In today’s era, media literacy is an indispensable skill that is essential in our daily lives. With a plethora of information available at our fingertips, it is crucial to discern between what is true, what is not, and what is outright false. This task becomes even more crucial for teenagers and adults, who form a significant portion of the online population. Therefore, it is important to understand the importance of media literacy and to explore the differences between advertisements, propaganda, and public service announcements (PSAs). In addition, we will look at some examples to illustrate these points and discuss how educators and librarians can impart media literacy. Here is a presentation that you might want to use with your students.

What is Media Literacy?

Media literacy is the ability to access, analyze, evaluate, and create media in a variety of forms. It is a critical skill in the digital age that enables individuals to decode the complex messages presented on various media platforms. By fostering media literacy, we empower individuals to become responsible media consumers, capable of recognizing biases, identifying underlying messages, and making informed decisions.

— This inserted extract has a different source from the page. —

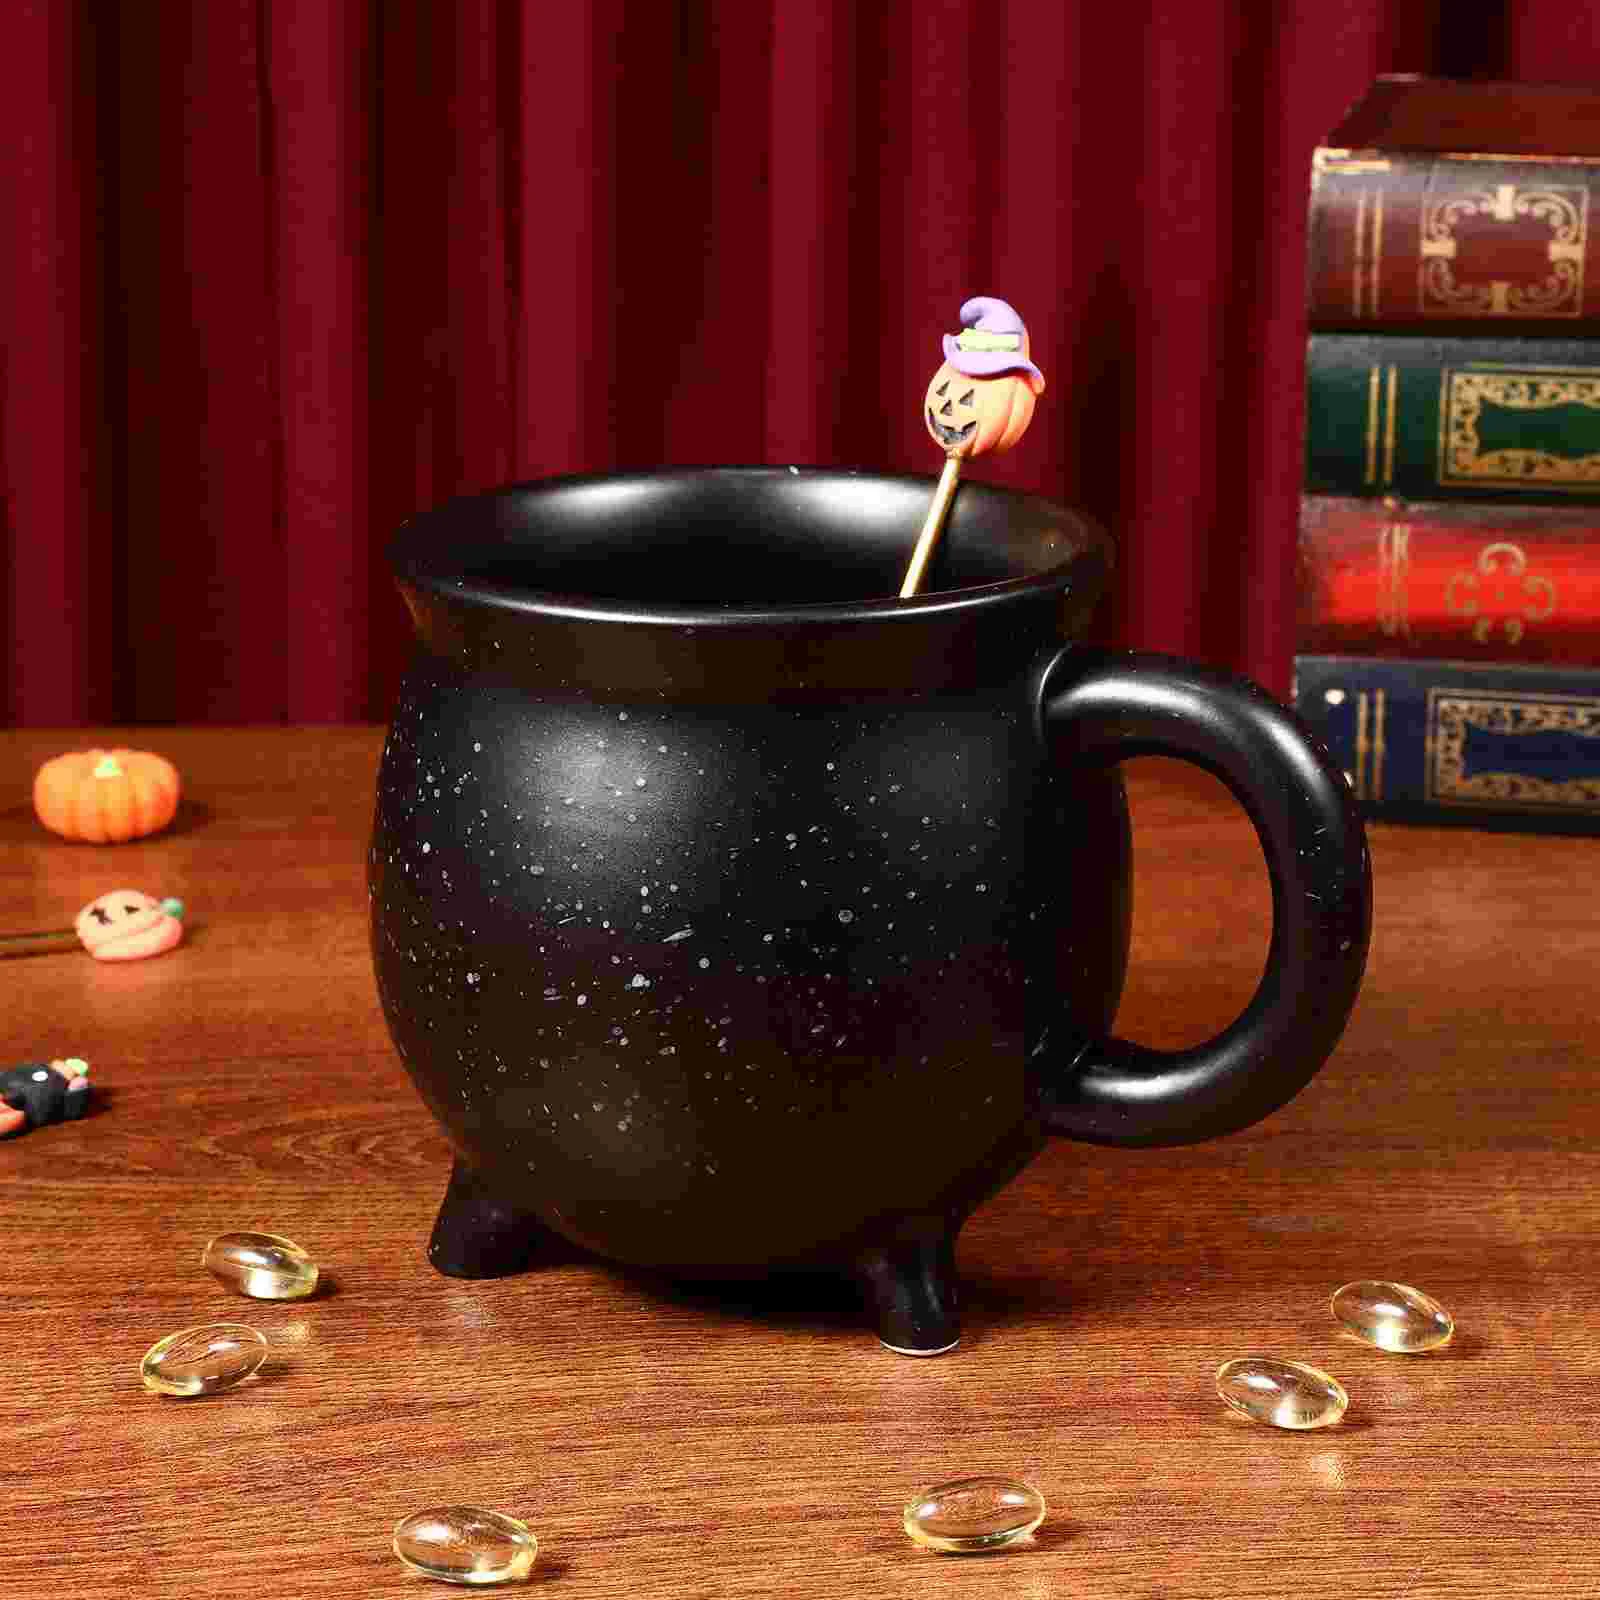 Keramika půlnoc čarodějnice cauldron hrneček halloween káva hrneček kotel hrneček novinkou dojit čaj pití pohár slavnost dekorace dar

The distinction between advertisements, propaganda, and PSAs is fundamental in understanding media literacy.

What are advertisements?

 It is essential to understand that advertisements are designed to persuade an audience to purchase a product or service. For example, a Tata Sky or Netflix services. Products like the Nivea Soap, Fair and Lovely, and Toothpaste ads. These tell the audience to buy a product or a service. These are usually commercial in nature.

What is Propaganda?

Propaganda seeks to promote a particular political cause or viewpoint. Unlike advertisements, which are primarily commercial, propaganda aims at shaping public opinion and behaviour towards a specific ideology. During election seasons in India, it’s common to see political parties employing propaganda through social media platforms, billboards, and television commercials to sway voters.

What are Public Service Announcements (PSA)?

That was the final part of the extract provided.